Guy and Heidi's Response to Gail
Thank you so much for your comments, and for your willingness to share them with our Newsletter readers. This has been a searing experience for us as well, but not in the same league with what you must be experiencing, putting your life on the line every day, just by living in Israel, and then also serving in the IDF reserves. (In another email Gail shared that she has been on active reserve duty for five months since October 7, and she was expecting to be deployed again shortly.) And then to lose friends because of this, as we have too (though, unlike you, we haven't lost any to death from war, nor have we lost nearly as many over our current activities and views). It's really painful!
I particularly thank you for your correction to our comments about Israel incorporating Arabs into Israeli society. I shouldn't be surprised that the story is "more complicated" than what we had understood. (Everything is always more complicated than most of us understand!) I've done more reading about the differential treatment of the Arabs and Palestinians living in Israel and now realize that there is validity to the notion that Palestinians living in Israel are, indeed, treated as "second class citizens" without the opportunities or protections afforded Jewish Israelis. So we were wrong to suggest that Israel is a model that should be followed in terms of integration of diverse populations. They, just like the United States, and so many other countries around the world, need to do much better at providing fair treatment for all of their population. That they don't, however, is not reason to say that Israel, as a country should not exist. (And of course you are not saying that — but some of our readers and many other progressives in the United States are saying that. We believe Israel has a right to exist and thrive, Jews have a right to exist, and thrive, and Palestinians have a right to exist and thrive. And they all need to figure out how they can do so together, in one place, because most of them have nowhere else to go. But the current war is preventing all of them from doing so. We must find a way to end these wars, without planting the seeds for the next one.

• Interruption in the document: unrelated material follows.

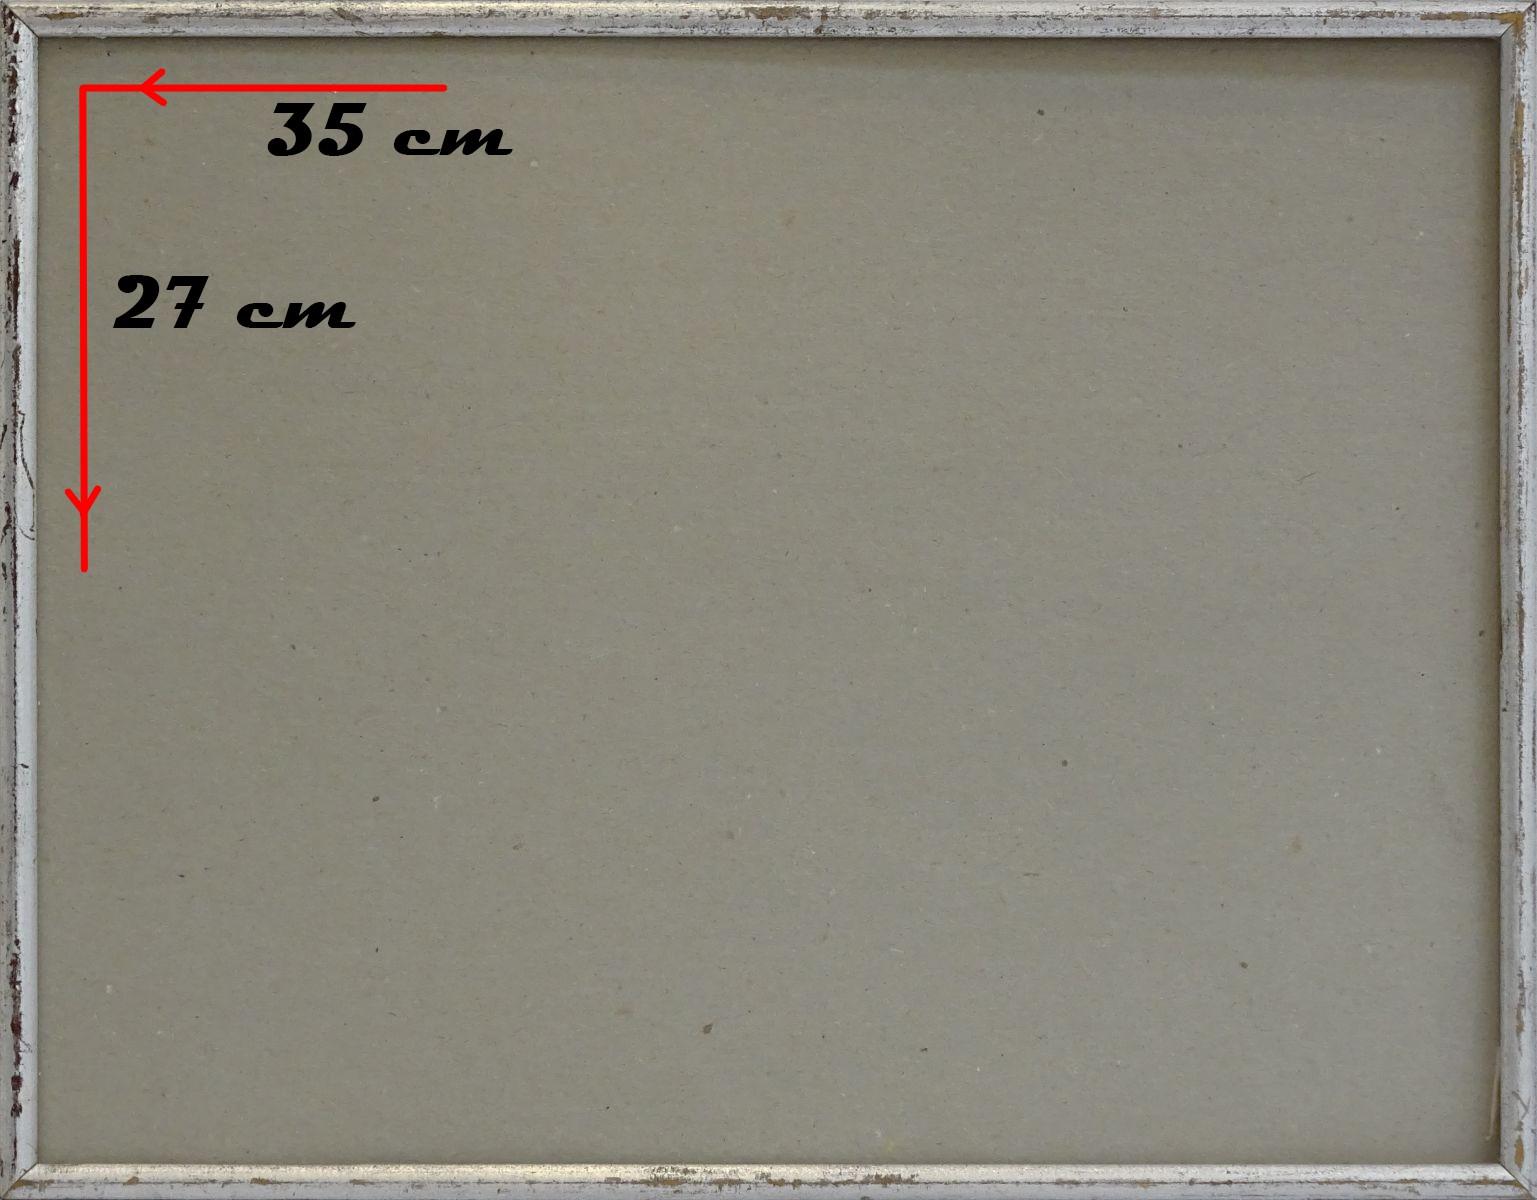 DSC09109.JPG (1537�1200)

As for your comments about comparing 9/11 to 10/7 now, that's an interesting point. American progressives have, indeed, gotten far more extreme than the Democrats who generally referred to themselves as "liberals" back in 2001. We (Guy and I) were actually among a very small minority back then who opposed both the Afghanistan and Iraq wars. But after both of those wars went so very badly, and particularly after the ignominious and costly retreat America staged when they pulled out of Afghanistan in 2020, few Americans now want the country to "take a more active role in solving the world’s problems," according to a new poll from The Associated Press-NORC Center for Public Affairs Research.
How U.S. citizens would respond if there was another significant attack on U.S. soil, however, is a different question — one that I don't think many people are even considering when they are calling for Israel to stand down and accept a cease fire. Would we? Would we learn from our previous wars in Afghanistan and Iraq that they are likely to turn into quagmires and not accomplish the intended goals? I really don't know. And is the Israeli attack on Gaza and/or Lebanon likely to turn into a quagmire and not accomplish the intended goals? I do not know the answer to that question either. But given Hamas's and Hezbollah's, and Iran's oft-stated intention to destroy Israel entirely, I do not see that Israel has as much leeway in its response as the United States did in 2001 or would now, if we are attacked again. But it is an interesting question to contemplate.
Mike Buck's Comments:
Thank you for your attempt to weigh into this moral morass with some comprehensive pondering. I have some criticisms in terms of your leaving out historical contexts throughout. Your comparison of 10/7 with 9/11 has merit on just a limited basis of inflicted assault on a national psyche. What bothers me most is you do not ascribe similarities and actually the need to change worldviews on both Hamas/Hezbollah/radical Islam and Israeli mindset on rigid fundamentalisms that support both sides policies. The other aspect you completely ignore historically is the US actually being a terrorist in our own self-serving roles. Our own involvement in Afghanistan when we were opposing the Soviets helped form Al-Queda and ISIS. Israeli military and their proxies in Lebanon in the 1980's helped create Hezbollah (that was stated by their Prime Minister at the time).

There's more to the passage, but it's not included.